Former railway line in Queensland, Australia

Hervey Bay railway line, sometimes known as Urangan railway line, is a closed railway line in Queensland, Australia. It was opened in 1896 to Pialba and it was extended to Urangan in 1913. It was extended to the end of the Urangan Pier in 1917, along with the opening of the pier. It was closed in 1993.

==History==
The line has a long and storied history.

===Before proposals===
Coal was discovered on the Burrum River in 1863. The Maryborough railway line had commenced operations as an isolated system with the opening of a line from the Port of Maryborough to the goldfields at Gympie.
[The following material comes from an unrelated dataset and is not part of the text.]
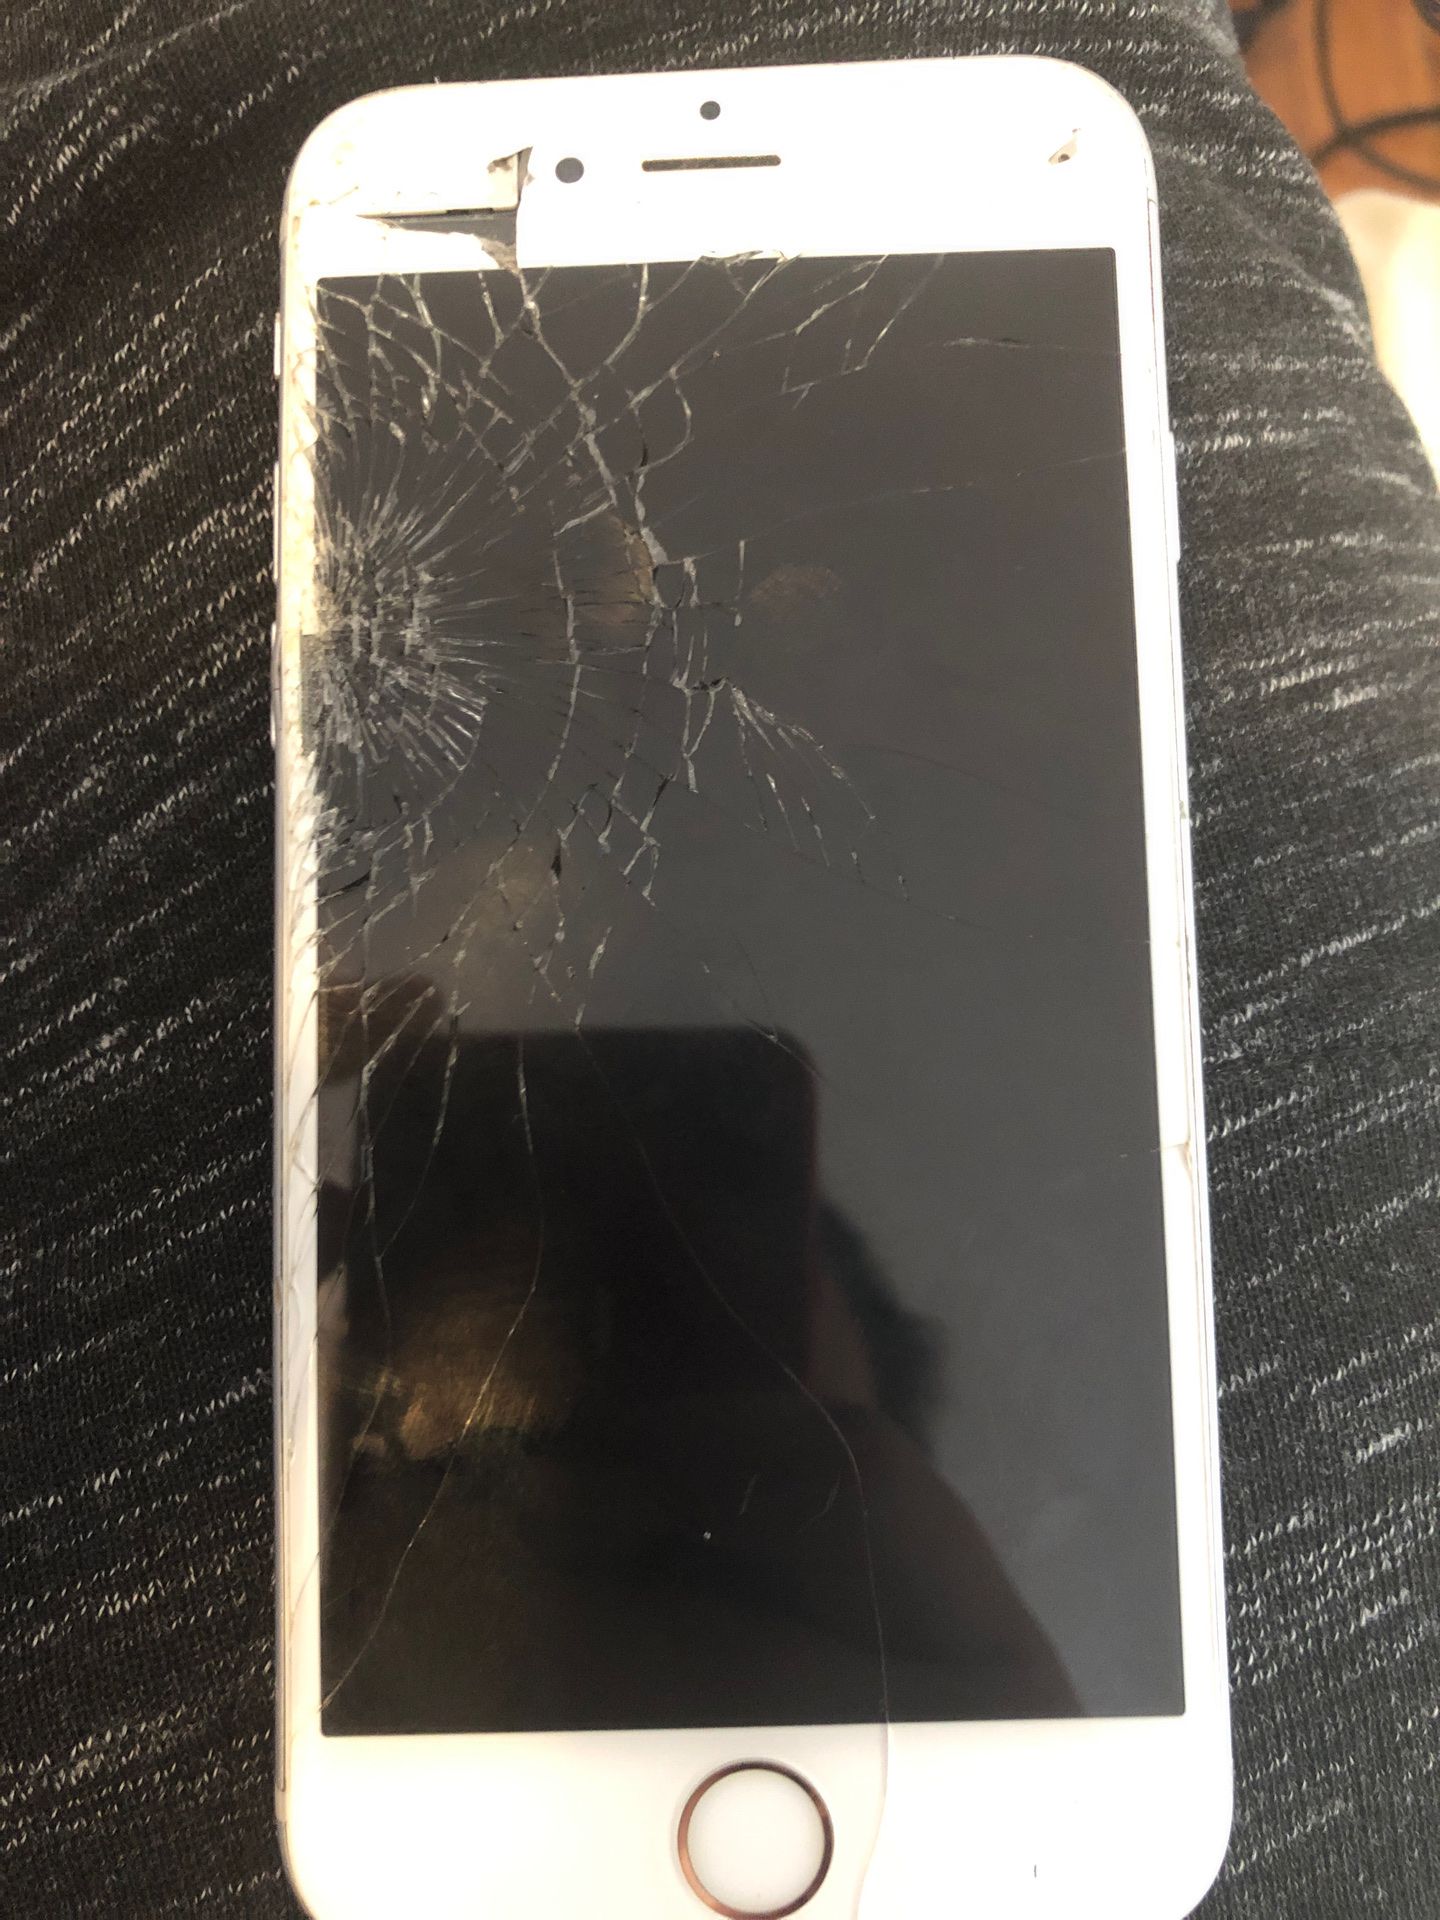 iPhone 6 selling for parts
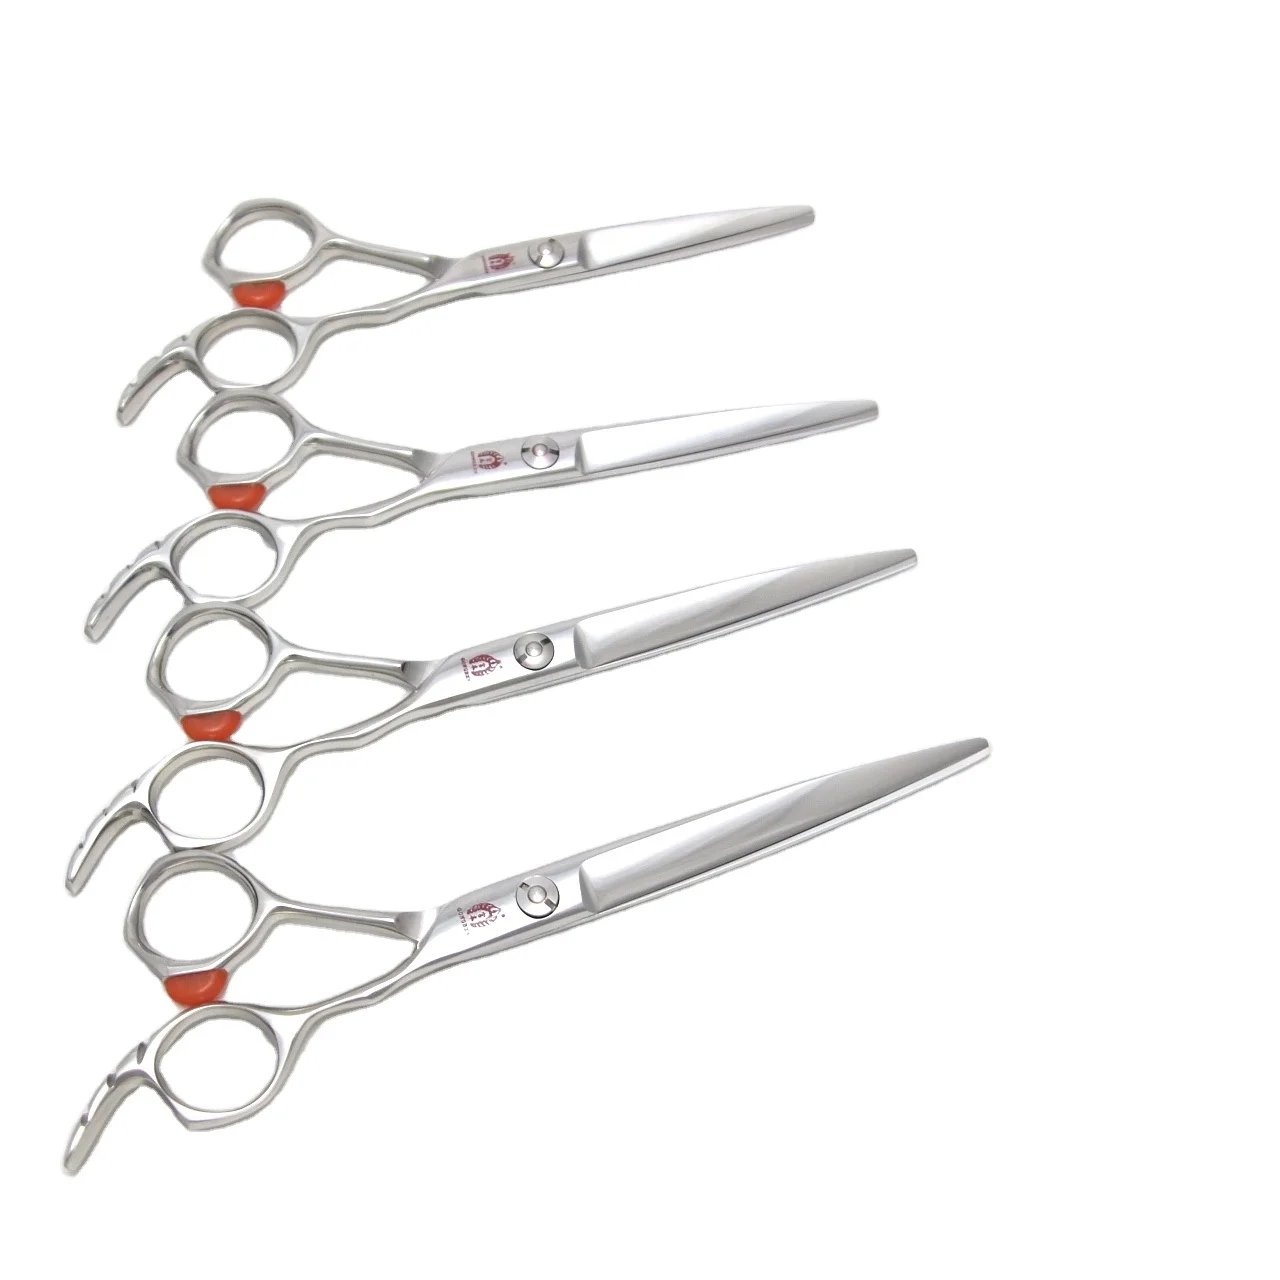 

High quality 440c Japanese stainless steel professional hair barber cutting scissors

Initially, the coal at Burrum River generated little interest, but by the 1880s, developers were pushing for a railway to the river, and the first section of the line, which would eventually be extended to Bundaberg, opened from Baddow to Howard on 30 June 1883. This gave the coal mines near Howard access to the Maryborough wharves, but the small, shallow vessels which could traverse the Mary River were not conductive to development, and shipping of the coal from Burrum River, across Hervey Bay to the Mary River where it was transshipped to larger vessels was met with similarly limited success.

===Trial survey===
In 1882–1883, a trial survey was carried out by the government with regards to a possible railway to Hervey Bay. The trial had been made from a point 11 km north of Croydon to Pialba, a distance of 27 km. By commencing the line so far north, it would avoid major bridging of the Susan River, and the land the line would traverse would be relatively flat. The proposal by Vernon Corporation led to the government's proposal being shelved for the time being.

===Early proposals===
In 1883, capitalists from the state of Victoria visited the Wide Bay area to purchase land for coal mining at Burrum, and planned to construct a railway or tramway to Hervey Bay, where they would construct coal wharves. On the bay, it would be possible to provide a deep water berth for larger ships, which was necessary for coal to be exported intrastate, interstate and overseas. Burrum coal was cited as an alternative to Newcastle coal for industry in Victoria where coal was unavailable and required importing. The capitalists formed into the Vernon Coal & Railway Company, which was incorporated in Melbourne on 25 September 1884.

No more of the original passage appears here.